Both Time and Newsweek magazines are giggling at the Supreme Court oral arguments on the fleeting-TV-profanity case of FCC vs. Fox Television Stations. The court is considering if it has the authority to regulate obscene language on the public airwaves.
Time noticed Justice Antonin Scalia joking that "Bawdy jokes are OK, if they are really good." Newsweek reported that Justice John Paul Stevens wanted to know if "dung" was a dirty word.
The magazines that aspire to define history saw this Supreme Court argument as only good for a laugh. Maybe it was.
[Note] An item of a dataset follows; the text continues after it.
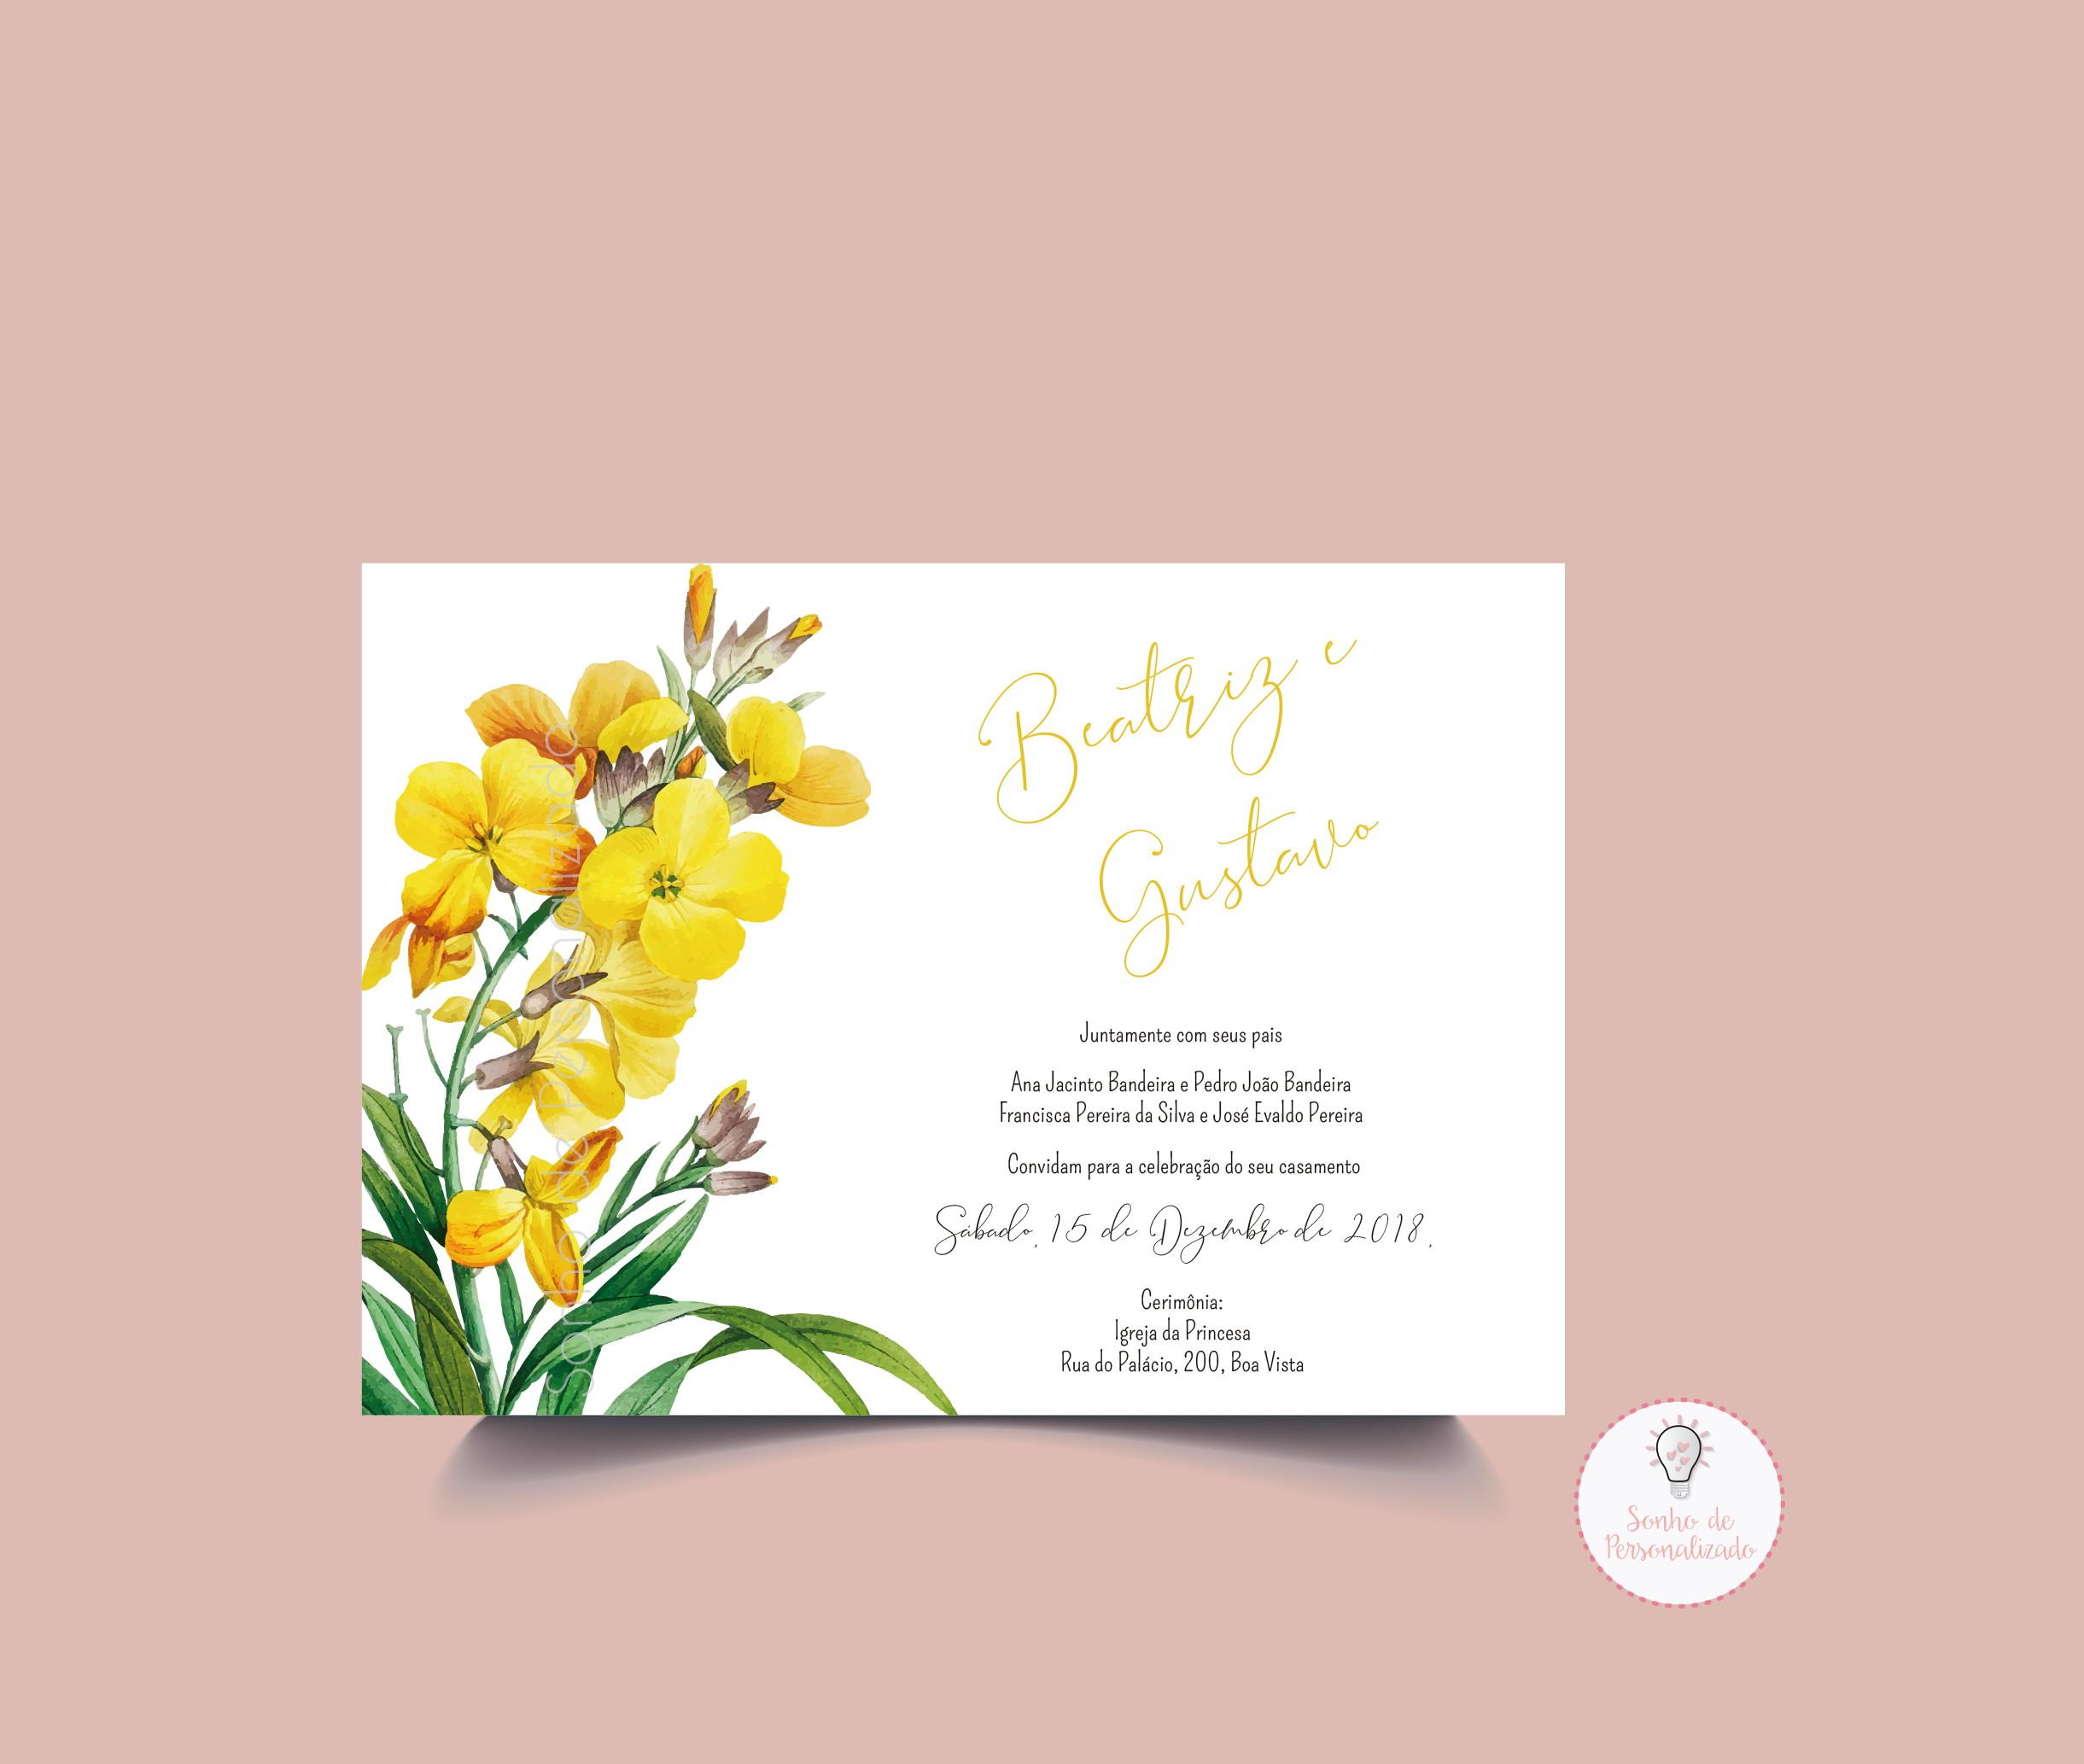 Convite De Casamento Amarelo Elo7

After all, Barack Obama will soon be president, and Hollywood's heavy investment in his presidential campaign will surely pay great dividends in moral laxity at the FCC and silence in Obama's liberal bully pulpit.
But in the search for cute quotes to illustrate their dismissive tones, both magazines skipped the defining cultural exchange of that hour. When Justice Stevens asked if there were changes in community standards over the last 30 years, if society had grown more tolerant of curse words, Carter Phillips, the profanity-favoring attorney for Fox, proclaimed: "I believe that society is significantly more tolerant of these words today than it was 30 years ago." Justice Scalia replied: "Do you think your clients have had anything to do with that?"
The answer is, of course, self-evident. There is no greater cultural influence on impressionable youth than the entertainment industry. Both a bucket of scientific studies and plain common sense validate this, but Phillips, being the kind of clever lawyer who can seem plausible as he expresses the completely ridiculous, rejected any responsibility: "In the scheme of things, probably very, very little to do with that compared to the way the language is used. Go to a baseball game, Justice Scalia. You hear these words every time you go to a ball game."
Justice Scalia sensibly argued to the senseless Mr. Phillips that there is a great difference between broadcast television and a comparatively private utterance to people within earshot at a stadium. Scalia said he doesn't agree that the public is more tolerant of profanity, just more resigned to it. He was idealistic enough to say that television should have a higher aim, of living up to a linguistic standard of what is "normal in polite company."